*Assigned task*:
A verbatim copy of all the data is required; the pictures should not appear in it.

*Input data*:
·····

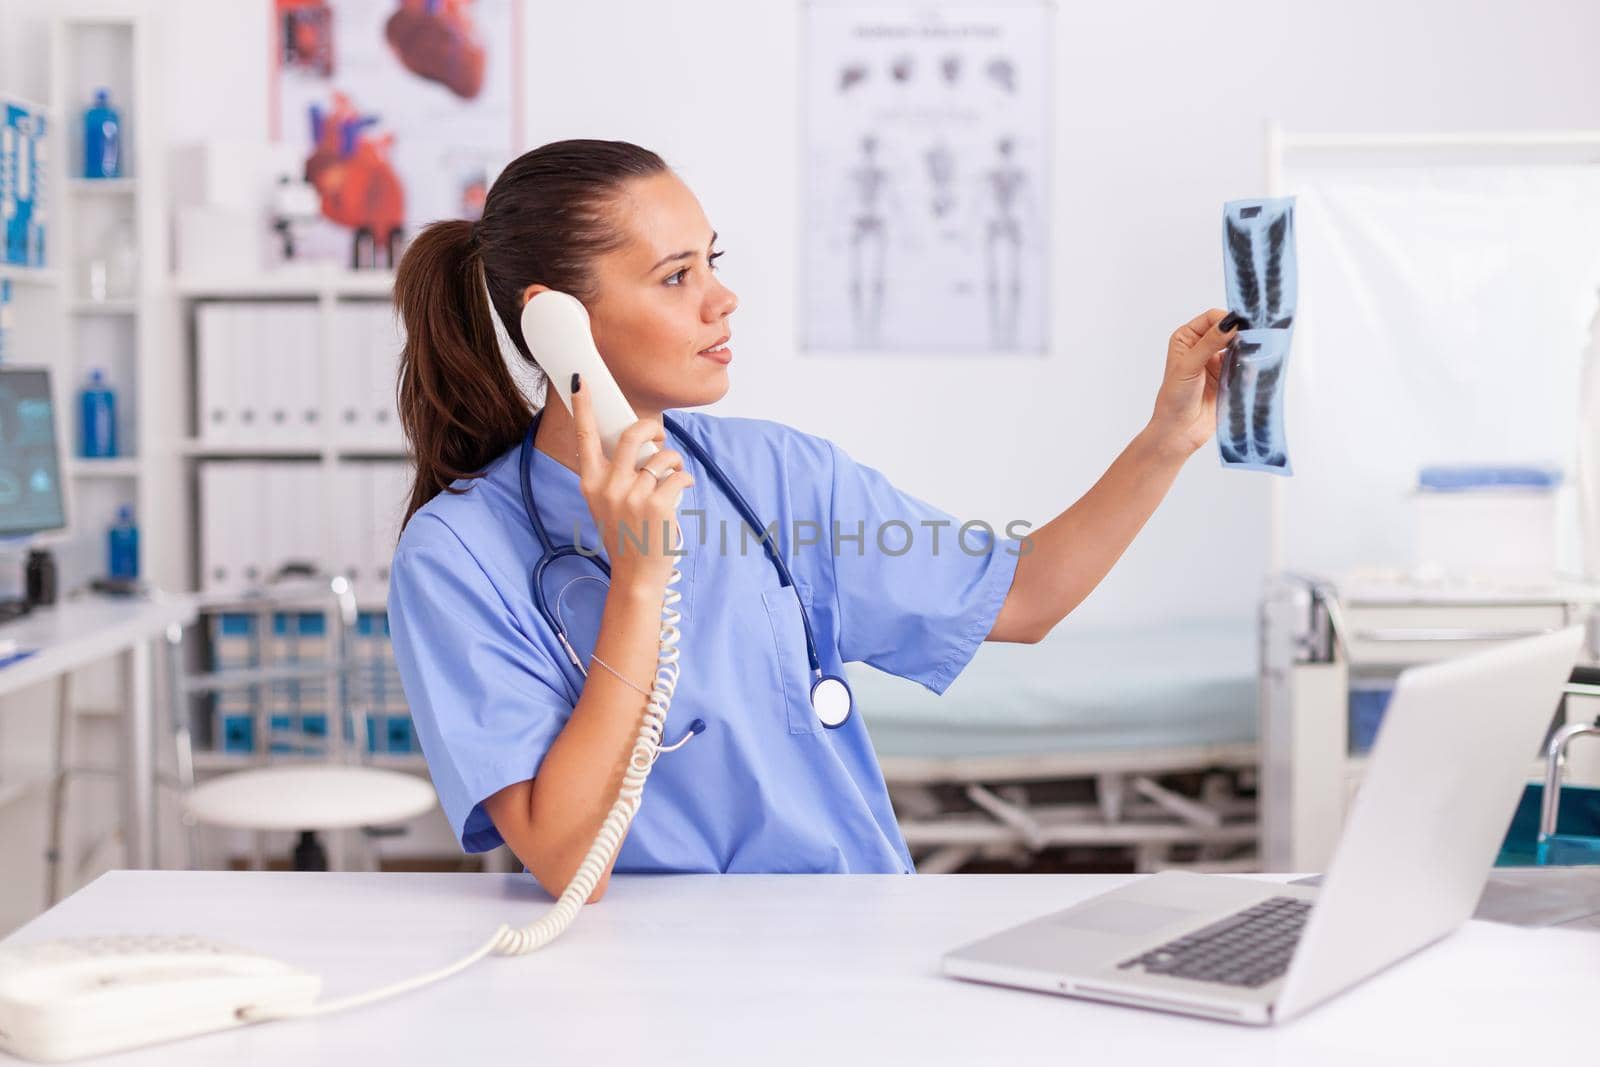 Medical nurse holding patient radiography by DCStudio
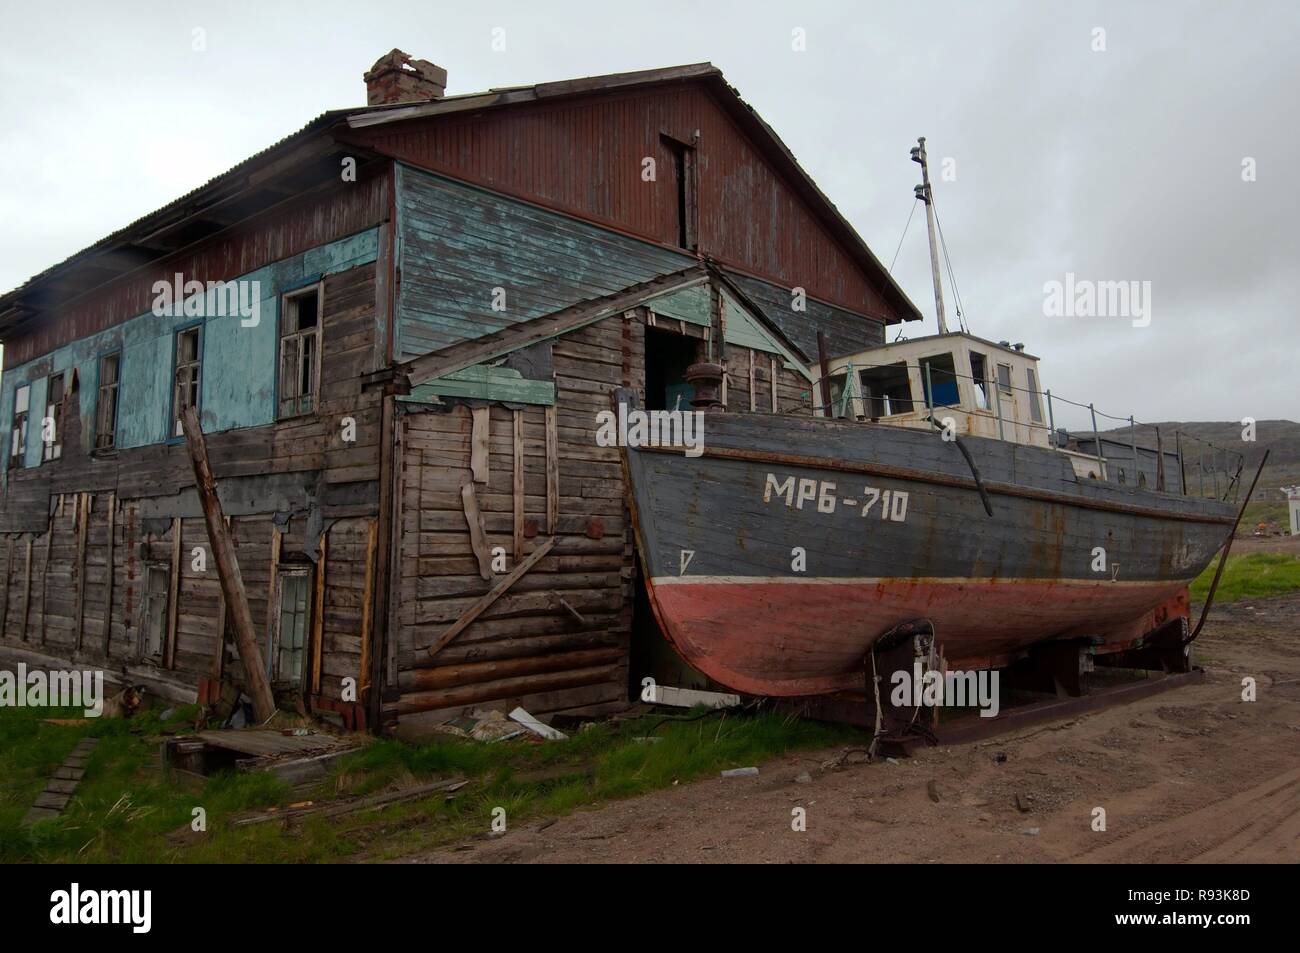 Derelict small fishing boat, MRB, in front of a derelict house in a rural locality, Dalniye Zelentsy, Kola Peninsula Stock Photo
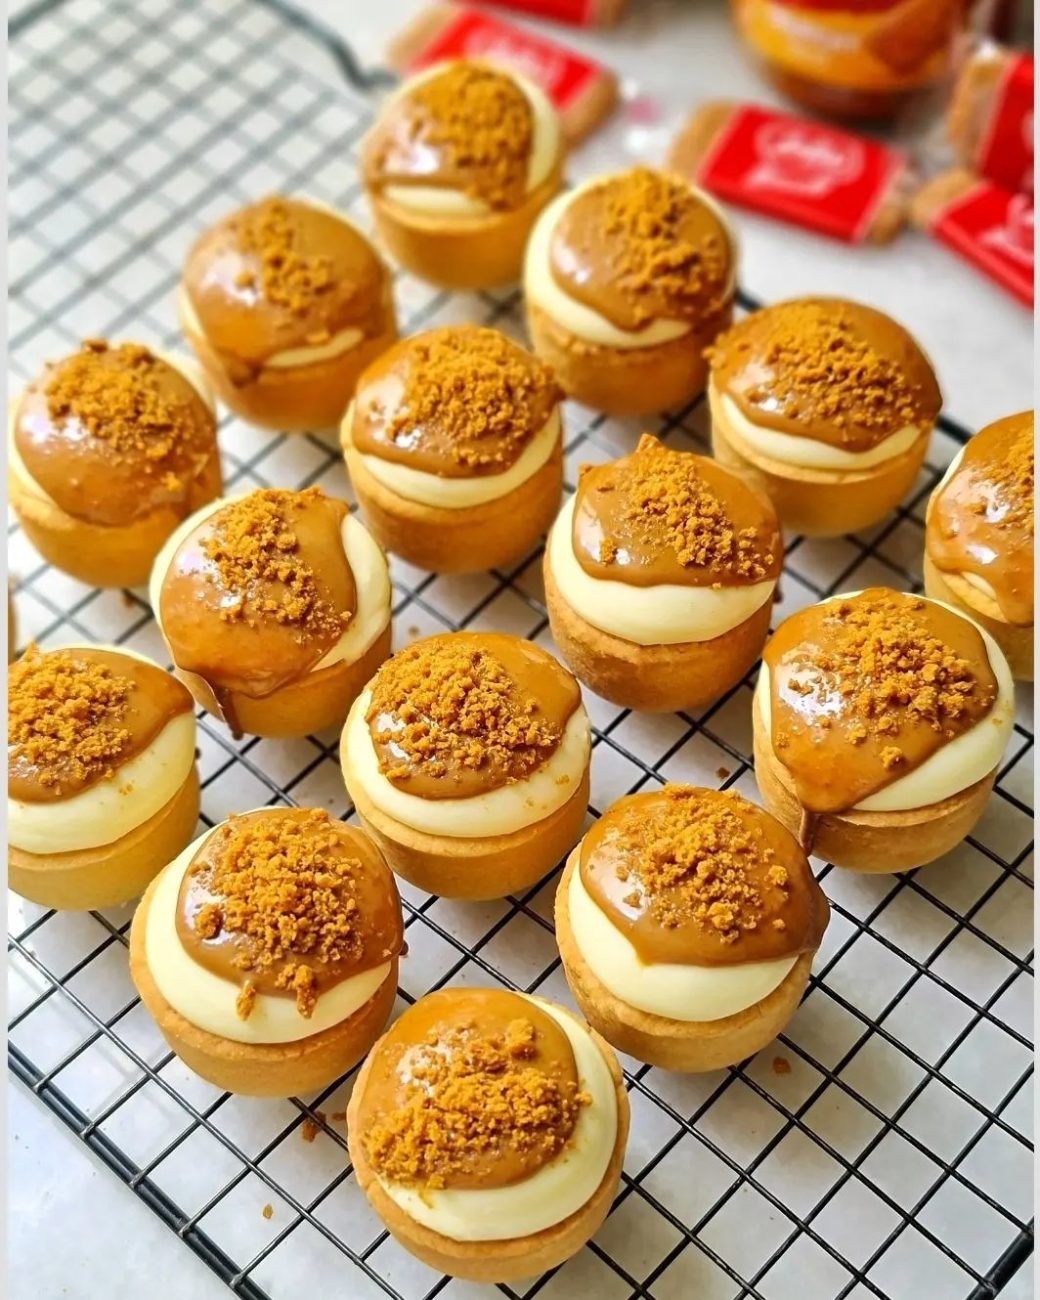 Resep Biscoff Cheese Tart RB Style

·····

*Answer to this task*:
 Medical nurse holding patient radiography by DCStudio
 Derelict small fishing boat, MRB, in front of a derelict house in a rural locality, Dalniye Zelentsy, Kola Peninsula Stock Photo
 Resep Biscoff Cheese Tart RB Style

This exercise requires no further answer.